**The problem:** Your task is to give the data again, exactly, with every line intact.
Given data Block Start
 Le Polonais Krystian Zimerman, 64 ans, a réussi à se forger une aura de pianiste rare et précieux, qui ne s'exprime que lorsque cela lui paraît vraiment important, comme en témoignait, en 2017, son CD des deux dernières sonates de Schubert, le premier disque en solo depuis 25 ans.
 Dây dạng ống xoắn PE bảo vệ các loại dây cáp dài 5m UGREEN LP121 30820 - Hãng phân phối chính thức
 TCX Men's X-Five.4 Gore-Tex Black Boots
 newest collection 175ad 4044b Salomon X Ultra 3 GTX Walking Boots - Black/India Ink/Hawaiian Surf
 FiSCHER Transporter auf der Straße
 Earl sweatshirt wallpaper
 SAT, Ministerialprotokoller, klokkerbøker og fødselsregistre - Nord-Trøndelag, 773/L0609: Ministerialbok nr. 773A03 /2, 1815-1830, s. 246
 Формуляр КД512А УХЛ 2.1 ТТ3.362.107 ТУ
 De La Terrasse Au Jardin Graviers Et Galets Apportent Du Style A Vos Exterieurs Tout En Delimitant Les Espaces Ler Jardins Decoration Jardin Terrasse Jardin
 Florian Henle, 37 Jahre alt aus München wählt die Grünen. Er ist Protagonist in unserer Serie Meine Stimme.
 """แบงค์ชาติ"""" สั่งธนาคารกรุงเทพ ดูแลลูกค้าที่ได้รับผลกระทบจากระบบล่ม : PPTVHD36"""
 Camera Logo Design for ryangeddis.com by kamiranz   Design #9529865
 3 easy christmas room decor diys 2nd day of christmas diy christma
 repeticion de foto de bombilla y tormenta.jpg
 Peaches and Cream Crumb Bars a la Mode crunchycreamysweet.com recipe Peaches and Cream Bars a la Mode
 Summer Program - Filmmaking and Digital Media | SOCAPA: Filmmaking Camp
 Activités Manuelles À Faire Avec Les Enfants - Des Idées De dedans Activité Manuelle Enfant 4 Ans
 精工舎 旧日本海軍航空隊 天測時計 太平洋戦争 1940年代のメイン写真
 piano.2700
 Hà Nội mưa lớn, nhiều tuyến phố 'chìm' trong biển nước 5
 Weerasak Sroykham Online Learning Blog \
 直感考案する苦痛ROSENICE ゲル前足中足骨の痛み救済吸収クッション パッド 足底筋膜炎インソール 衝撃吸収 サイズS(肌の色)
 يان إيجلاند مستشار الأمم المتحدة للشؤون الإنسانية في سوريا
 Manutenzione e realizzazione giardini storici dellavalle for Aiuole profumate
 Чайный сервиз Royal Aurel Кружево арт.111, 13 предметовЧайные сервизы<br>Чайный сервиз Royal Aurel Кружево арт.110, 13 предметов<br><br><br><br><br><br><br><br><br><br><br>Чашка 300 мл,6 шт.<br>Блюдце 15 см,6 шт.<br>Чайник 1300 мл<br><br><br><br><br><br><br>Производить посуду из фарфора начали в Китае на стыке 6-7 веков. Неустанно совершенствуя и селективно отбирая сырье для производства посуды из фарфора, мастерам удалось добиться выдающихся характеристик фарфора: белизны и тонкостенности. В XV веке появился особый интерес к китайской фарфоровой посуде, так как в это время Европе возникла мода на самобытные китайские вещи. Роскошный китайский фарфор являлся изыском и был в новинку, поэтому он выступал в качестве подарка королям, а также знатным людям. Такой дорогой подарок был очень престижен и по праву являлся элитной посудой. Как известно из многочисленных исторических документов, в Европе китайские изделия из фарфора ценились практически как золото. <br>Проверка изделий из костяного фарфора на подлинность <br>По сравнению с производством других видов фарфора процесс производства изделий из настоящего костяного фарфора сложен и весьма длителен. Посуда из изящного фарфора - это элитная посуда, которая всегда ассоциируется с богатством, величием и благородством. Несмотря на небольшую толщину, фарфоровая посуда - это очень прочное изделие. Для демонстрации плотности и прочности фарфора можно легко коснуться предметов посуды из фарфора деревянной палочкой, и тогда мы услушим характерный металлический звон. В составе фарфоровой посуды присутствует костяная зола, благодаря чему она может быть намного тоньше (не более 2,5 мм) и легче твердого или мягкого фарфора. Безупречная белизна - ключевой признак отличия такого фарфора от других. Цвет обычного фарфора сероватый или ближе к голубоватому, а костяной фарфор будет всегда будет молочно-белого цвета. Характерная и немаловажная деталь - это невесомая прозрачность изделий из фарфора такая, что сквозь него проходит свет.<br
Given data Block End
**Expected answer:**
 Le Polonais Krystian Zimerman, 64 ans, a réussi à se forger une aura de pianiste rare et précieux, qui ne s'exprime que lorsque cela lui paraît vraiment important, comme en témoignait, en 2017, son CD des deux dernières sonates de Schubert, le premier disque en solo depuis 25 ans.
 Dây dạng ống xoắn PE bảo vệ các loại dây cáp dài 5m UGREEN LP121 30820 - Hãng phân phối chính thức
 TCX Men's X-Five.4 Gore-Tex Black Boots
 newest collection 175ad 4044b Salomon X Ultra 3 GTX Walking Boots - Black/India Ink/Hawaiian Surf
 FiSCHER Transporter auf der Straße
 Earl sweatshirt wallpaper
 SAT, Ministerialprotokoller, klokkerbøker og fødselsregistre - Nord-Trøndelag, 773/L0609: Ministerialbok nr. 773A03 /2, 1815-1830, s. 246
 Формуляр КД512А УХЛ 2.1 ТТ3.362.107 ТУ
 De La Terrasse Au Jardin Graviers Et Galets Apportent Du Style A Vos Exterieurs Tout En Delimitant Les Espaces Ler Jardins Decoration Jardin Terrasse Jardin
 Florian Henle, 37 Jahre alt aus München wählt die Grünen. Er ist Protagonist in unserer Serie Meine Stimme.
 """แบงค์ชาติ"""" สั่งธนาคารกรุงเทพ ดูแลลูกค้าที่ได้รับผลกระทบจากระบบล่ม : PPTVHD36"""
 Camera Logo Design for ryangeddis.com by kamiranz   Design #9529865
 3 easy christmas room decor diys 2nd day of christmas diy christma
 repeticion de foto de bombilla y tormenta.jpg
 Peaches and Cream Crumb Bars a la Mode crunchycreamysweet.com recipe Peaches and Cream Bars a la Mode
 Summer Program - Filmmaking and Digital Media | SOCAPA: Filmmaking Camp
 Activités Manuelles À Faire Avec Les Enfants - Des Idées De dedans Activité Manuelle Enfant 4 Ans
 精工舎 旧日本海軍航空隊 天測時計 太平洋戦争 1940年代のメイン写真
 piano.2700
 Hà Nội mưa lớn, nhiều tuyến phố 'chìm' trong biển nước 5
 Weerasak Sroykham Online Learning Blog \
 直感考案する苦痛ROSENICE ゲル前足中足骨の痛み救済吸収クッション パッド 足底筋膜炎インソール 衝撃吸収 サイズS(肌の色)
 يان إيجلاند مستشار الأمم المتحدة للشؤون الإنسانية في سوريا
 Manutenzione e realizzazione giardini storici dellavalle for Aiuole profumate
 Чайный сервиз Royal Aurel Кружево арт.111, 13 предметовЧайные сервизы<br>Чайный сервиз Royal Aurel Кружево арт.110, 13 предметов<br><br><br><br><br><br><br><br><br><br><br>Чашка 300 мл,6 шт.<br>Блюдце 15 см,6 шт.<br>Чайник 1300 мл<br><br><br><br><br><br><br>Производить посуду из фарфора начали в Китае на стыке 6-7 веков. Неустанно совершенствуя и селективно отбирая сырье для производства посуды из фарфора, мастерам удалось добиться выдающихся характеристик фарфора: белизны и тонкостенности. В XV веке появился особый интерес к китайской фарфоровой посуде, так как в это время Европе возникла мода на самобытные китайские вещи. Роскошный китайский фарфор являлся изыском и был в новинку, поэтому он выступал в качестве подарка королям, а также знатным людям. Такой дорогой подарок был очень престижен и по праву являлся элитной посудой. Как известно из многочисленных исторических документов, в Европе китайские изделия из фарфора ценились практически как золото. <br>Проверка изделий из костяного фарфора на подлинность <br>По сравнению с производством других видов фарфора процесс производства изделий из настоящего костяного фарфора сложен и весьма длителен. Посуда из изящного фарфора - это элитная посуда, которая всегда ассоциируется с богатством, величием и благородством. Несмотря на небольшую толщину, фарфоровая посуда - это очень прочное изделие. Для демонстрации плотности и прочности фарфора можно легко коснуться предметов посуды из фарфора деревянной палочкой, и тогда мы услушим характерный металлический звон. В составе фарфоровой посуды присутствует костяная зола, благодаря чему она может быть намного тоньше (не более 2,5 мм) и легче твердого или мягкого фарфора. Безупречная белизна - ключевой признак отличия такого фарфора от других. Цвет обычного фарфора сероватый или ближе к голубоватому, а костяной фарфор будет всегда будет молочно-белого цвета. Характерная и немаловажная деталь - это невесомая прозрачность изделий из фарфора такая, что сквозь него проходит свет.<br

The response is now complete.